-- What do Apple iTunes, Disneyland and Procter & Gamble all have in common? Each runs its business on SAP's enterprise software. Co-CEO Bill McDermott is on a mission to spread the word that consumers, in many of their day-to-day experiences, are touched by the business software giant's products. He visited USA TODAY Thursday and spoke with editors and technology reporter Mike Snider. Here's an edited version of that discussion.
Q: What all does SAP do?
A: We are the No. 1 business software company in the world. If you have the iPad and you order on iTunes today, you are running that on an SAP system. If you order a car from General Motors, the entire supply chain up to the delivery of that car is running on SAP.
If you are at Disney, and you are going into the theme park, they are running that whole customer experience — including the analytics that tell them they can sell more ice cream when it is hot than when it rains — all are happening on SAP software. So we do a lot of things.
We do things you perhaps don't realize like … (for the United Nations) our software is smart and can tell you that women in Pakistan benefit more from education and advanced education on a financial basis than men do because we have the deep drill-down analytics.
We have 180,000 customers in 130 countries. We said, "If we can help make public and private businesses run better, we can actually make the world run better."
Q: What global business trends are you seeing?
A: Obviously huge is this idea of big data. Data in the world is doubling every 18 months. The problem isn't in having enough information. Everyone has too much information. How do you make sense of it all so that you can make intelligent decisions?
The other movement is the cloud, this idea of putting infrastructure and aggregating data centers and heavy artillery, as it relates to hardware and IT, into a cloud. If I put 10 more servers in your business tomorrow and give you another PC refresh, it is not going to change the way you run your business. We want to take down the (spending on) things that don't matter, so we can free up cash for things that do.
And then mobility. By 2013, most all the computing experiences in the world will go through a smart device. There are about 6.5 billion people in the world by 2014 that will be experiencing applications on their mobile device in one form or another.

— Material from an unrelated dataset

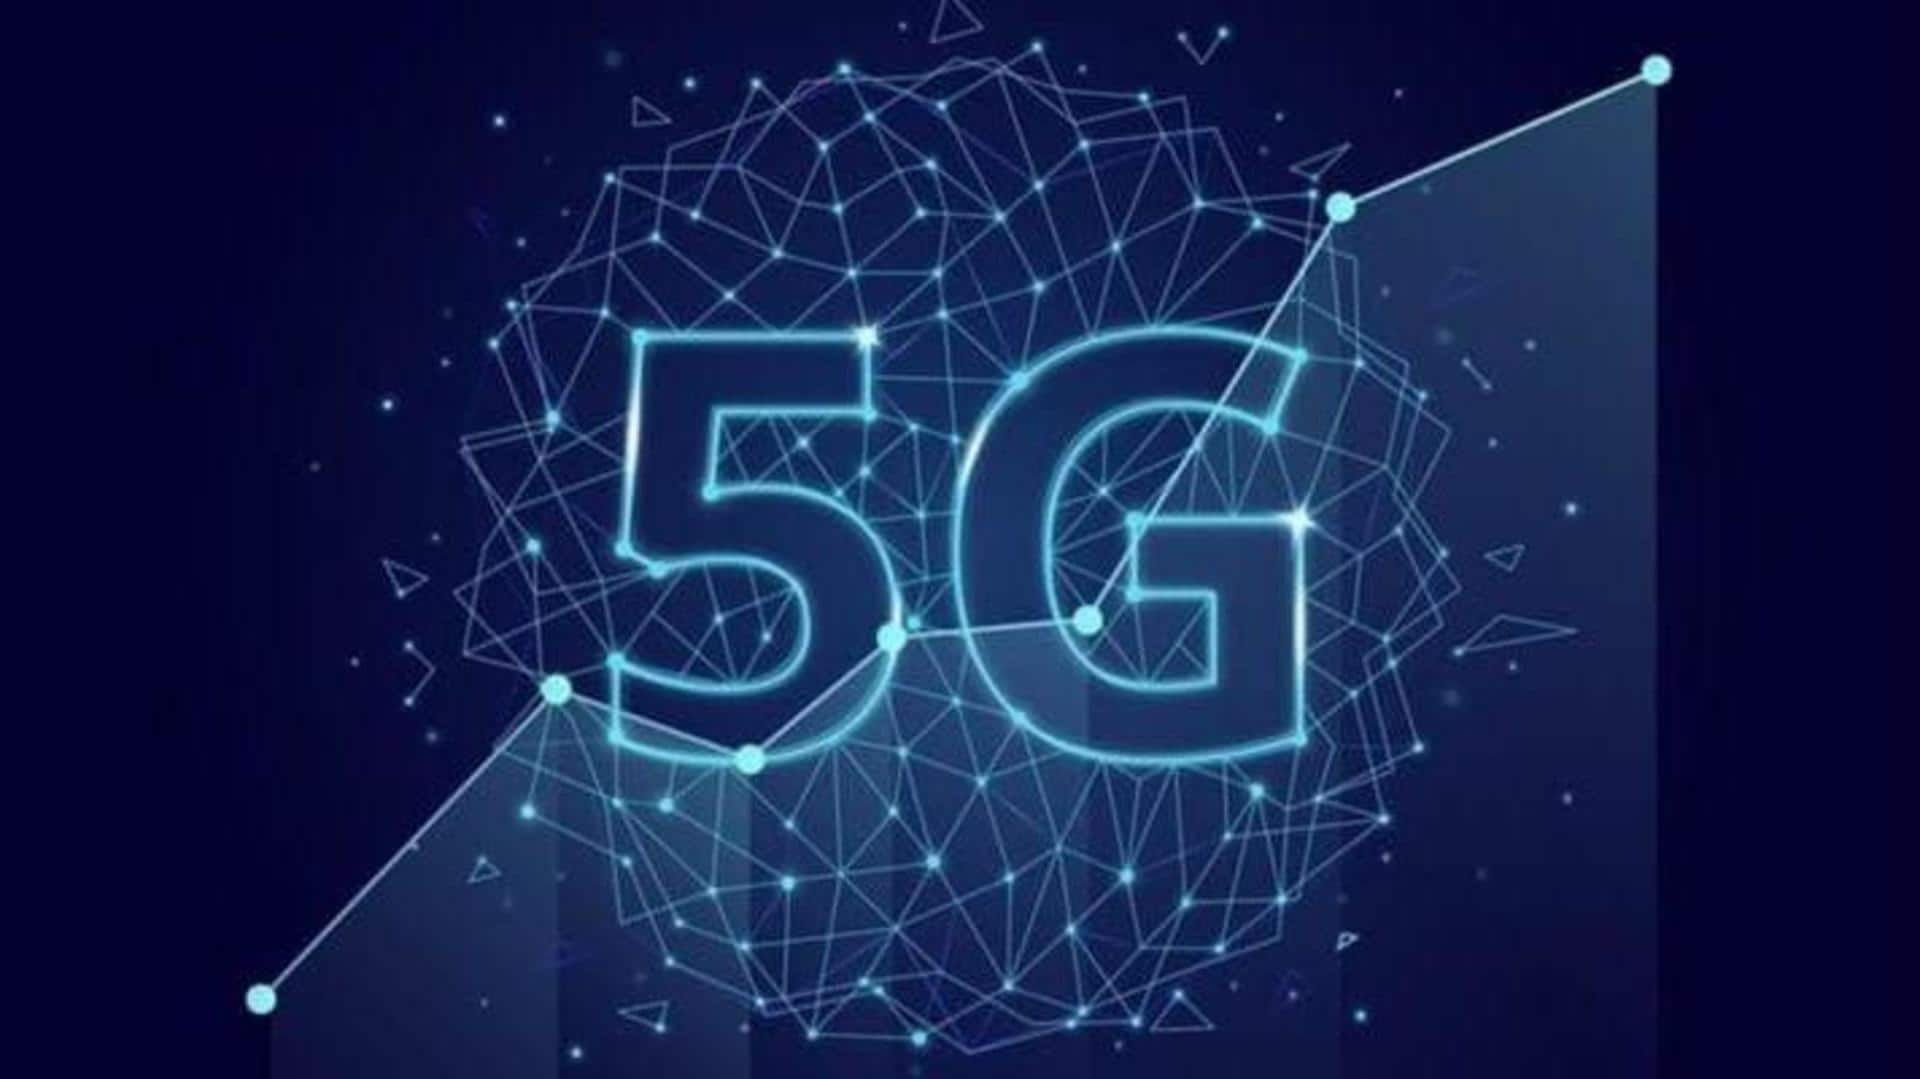 5G smartphone shipments in India to grow by 70%: Report

Mobility, big data and cloud computing, where you can grab things on the fly from the cloud, are going to change everything. And that is really what we built our strategy on.
Q: How does the cloud make things more efficient for business?
A: There is a structural change going on in IT today to move from 85 cents on a dollar being spent on hardware … to 60% being spent on hardware and services and the other 40 at least being spent on software and innovation. The cloud is a way to change that.
Q: But doesn't moving data to the cloud create new security issues?
A: You will see private clouds, public clouds and hybrid clouds. What we see most companies doing is protecting the precious assets of their business, the mission-critical data and business processes … either in a private cloud or on premise. … They are very careful with that data. That's the crown jewels of their company. Because of security issues, you will see people doing things publicly, privately and in hybrid clouds to protect mission-critical data.
Q: Why co-CEOs?
A: We are the third-generation co-CEOs. From the original founders, the company was based on a balance of power between co-CEOs, and in our company that really works. Very often, my co-CEO and I are on different continents doing different things. So two is better than one.
Finally, when it comes to big decisions, isn't it nice to have somebody by your side that has a different skill set and different perspective and point of view? People do that in their homes everyday. You can, oftentimes, come up with a more mature answer that saves you from making big mistakes.
Q: Why do you carry and use an iPad for business?
A: The second I saw how beautiful business applications are on it, I knew the world was going to go to the device. We were the first big consumer of Apple iPads. In fact, Steve Jobs himself gave me a call and said, "Why are you guys buying so many iPads?"
We like to take credit for helping the world run better and helping visionaries like Steve fulfill their dream.
Q: SAP doesn't market itself that way.
A: That's a good point. We need to stretch the brand a little bit and (in ad campaigns) make the consumer the hero. That's where we are going to stretch the brand in its next evolution.